The simplest useful form is:
```text
required_consequent(x) :- antecedent(x).
violation(x) :- required_consequent(x), not consequent(x).
```
FlowLog helps once antecedents become multi-atom joins:
```text
violation(x, y, z) :-
A(x, y),
B(y, z),
C(z),
not D(x, z).
```
At that point, a compiler needs the same machinery FlowLog demonstrates:
- variable occurrence maps
- join graph extraction
- antijoin scheduling
- projection minimization
- shared antecedent detection
- violation-row construction
The practical Geomerge target is:
```text
FlatTheory laws
-> supported relational subset
-> rule catalog
-> planned violation query
-> DBSP-maintained violations relation
```
---
## Recommended Architecture
The recommended architecture has a backend-neutral middle layer.
```mermaid
flowchart TB
subgraph Sources["Source Layers"]
Datalog["Datalog CRDT Rules"]
Geolog["Compiled Geolog Laws"]
end
subgraph Planner["FlowLog-Inspired Planner"]
Parse["Parse or Translate"]
Strata["Stratify"]
Catalog["Catalog Rules"]
Graph["Join Graph Construction"]
Optimize["Plan Joins, Antijoins, and SIP"]
IR["Relational IR with Physical Keys"]
end
subgraph Backends["Execution Backends"]
DBSP["DBSP"]
DD["Differential Dataflow"]
Batch["Snapshot Evaluator"]
end
Datalog --> Parse
Geolog --> Parse
Parse --> Strata --> Catalog --> Graph --> Optimize --> IR
IR --> DBSP
IR --> DD
IR --> Batch
```
This architecture keeps the core questions separate:
- source language
- rule semantics
- relational planning
- physical execution backend
- application integration
That separation makes experiments easier.
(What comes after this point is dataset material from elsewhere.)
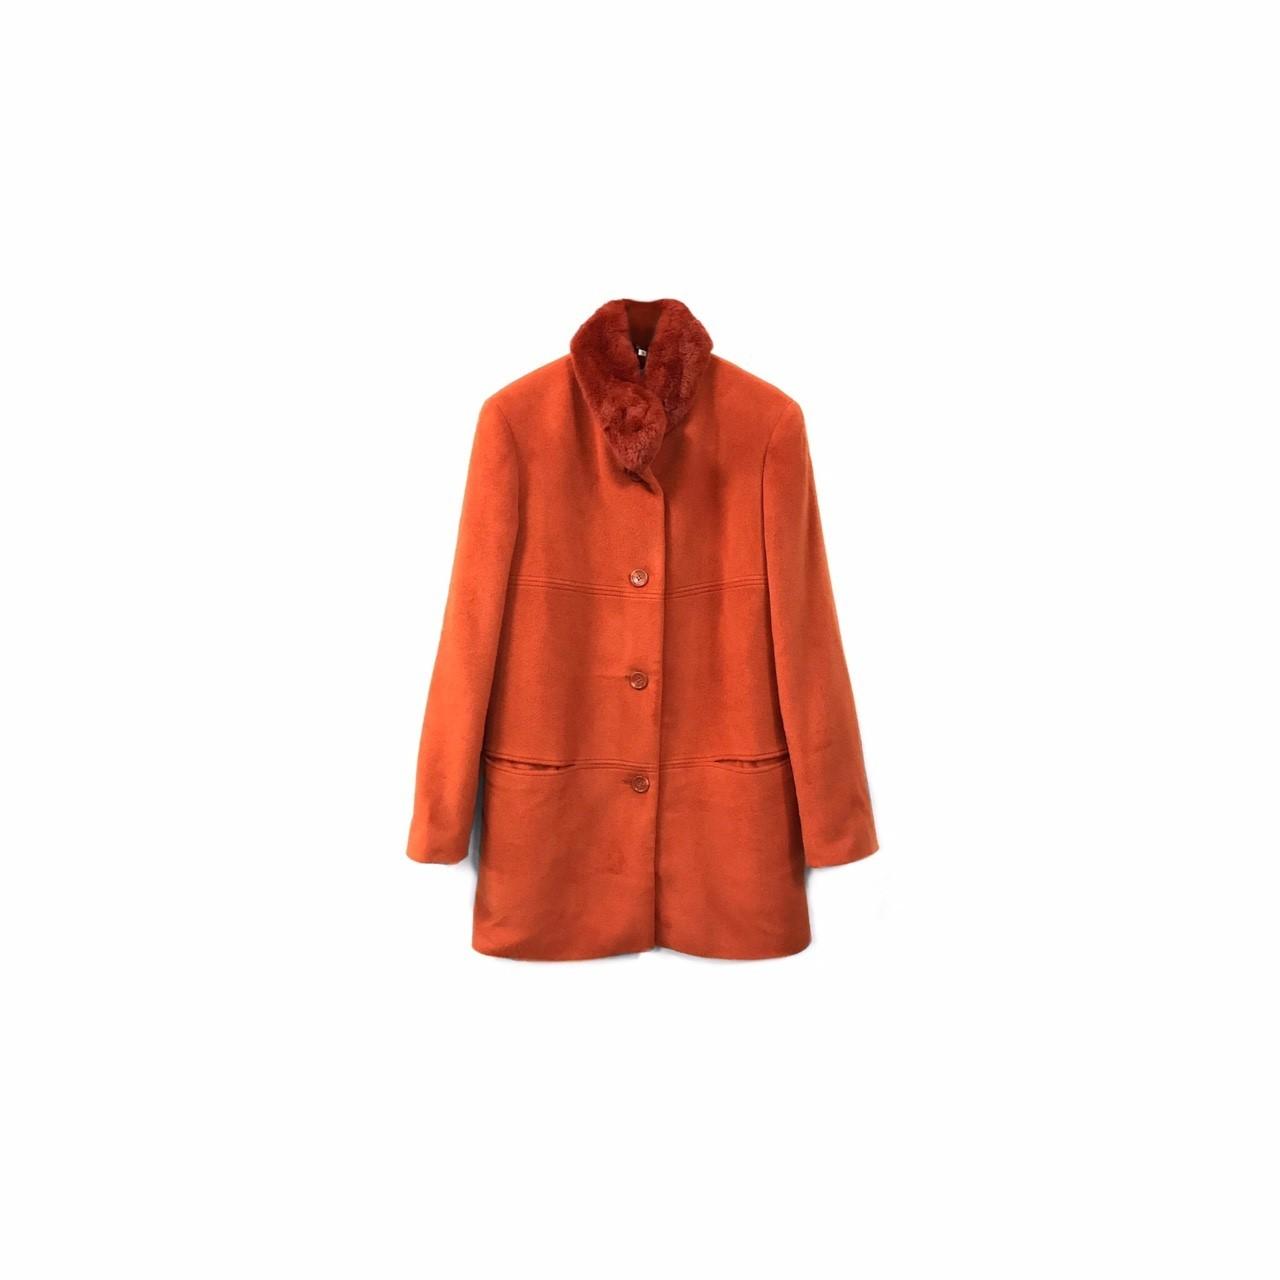 USED - Angola&Wool Fur Design Coat ¥13500+tax→¥8500+tax

If a query is slow, it becomes possible to ask whether the problem is the rule semantics, the plan, the
backend, or the storage boundary.
---
## Practical Path
The practical path should be staged.
**Stage 1: Planning-Only Prototype**
```text
Datalog-like rules
-> dependency graph
-> strata
-> rule catalog
-> join graph
-> textual plan
```
This validates whether the compiler understands rule shape.
**Stage 2: Narrow DBSP Lowering**
```text
planned rules
-> projection, selection, join, antijoin, union, distinct, recursion
-> DBSP circuit
```
This validates maintained outputs against a snapshot evaluator.
**Stage 3: Workload Comparison**
```text
same rules
same facts
same outputs
-> DBSP backend
-> Differential Dataflow backend
-> snapshot backend
```
This identifies whether bottlenecks come from planning or backend behavior.
**Stage 4: Geomerge Integration**
```text
supported FlatTheory laws
-> planned violation queries
-> maintained violations relation
-> agreement with current validator
```
This makes the DBSP checker a performance optimization first, not a semantic change.
---
## Test Workloads
The shared test corpus should include:
- transitive closure
- reachability
- connected components
- antijoin checks
- multi-value register
- causal readiness
- list next-element traversal
- tombstone skipping
- missing foreign-key violations
- multi-atom Geomerge antecedents
Each workload should have:
- input schemas
- base facts
- update facts
- expected snapshot output
- expected output deltas
- recursion and negation classification
- accepted or rejected status
---
## Evaluation Questions
The main evaluation questions are:
- Does planning reduce hydration time?
- Does planning reduce warm-update time?
- Does causal-readiness update cost still grow with history depth?
- Does antijoin scheduling reduce intermediate relation size?
- Does SIP help frontier-shaped recursive queries?
- Does physical key choice reduce maintained state?
- Does the DBSP result match a snapshot evaluator?
- Does Geomerge validation agree with the existing validator?
- Is backend state rollback or preview execution tractable?
---
## Bottom Line
The unified conclusion is:
```text
FlowLog is the planning blueprint.
DBSP is the target incremental backend.
CRDTs and Geomerge laws are the motivating rule sources.
```
The next durable artifact should not be a full engine. It should be a small planner that can explain rule structure, join graphs, antijoin placement,
and physical key choices. Once that explanation is correct, DBSP lowering becomes a narrower engineering problem.
---
## Changelog
* **May 21, 2026** -- First version created to unify the first five FlowLog notes.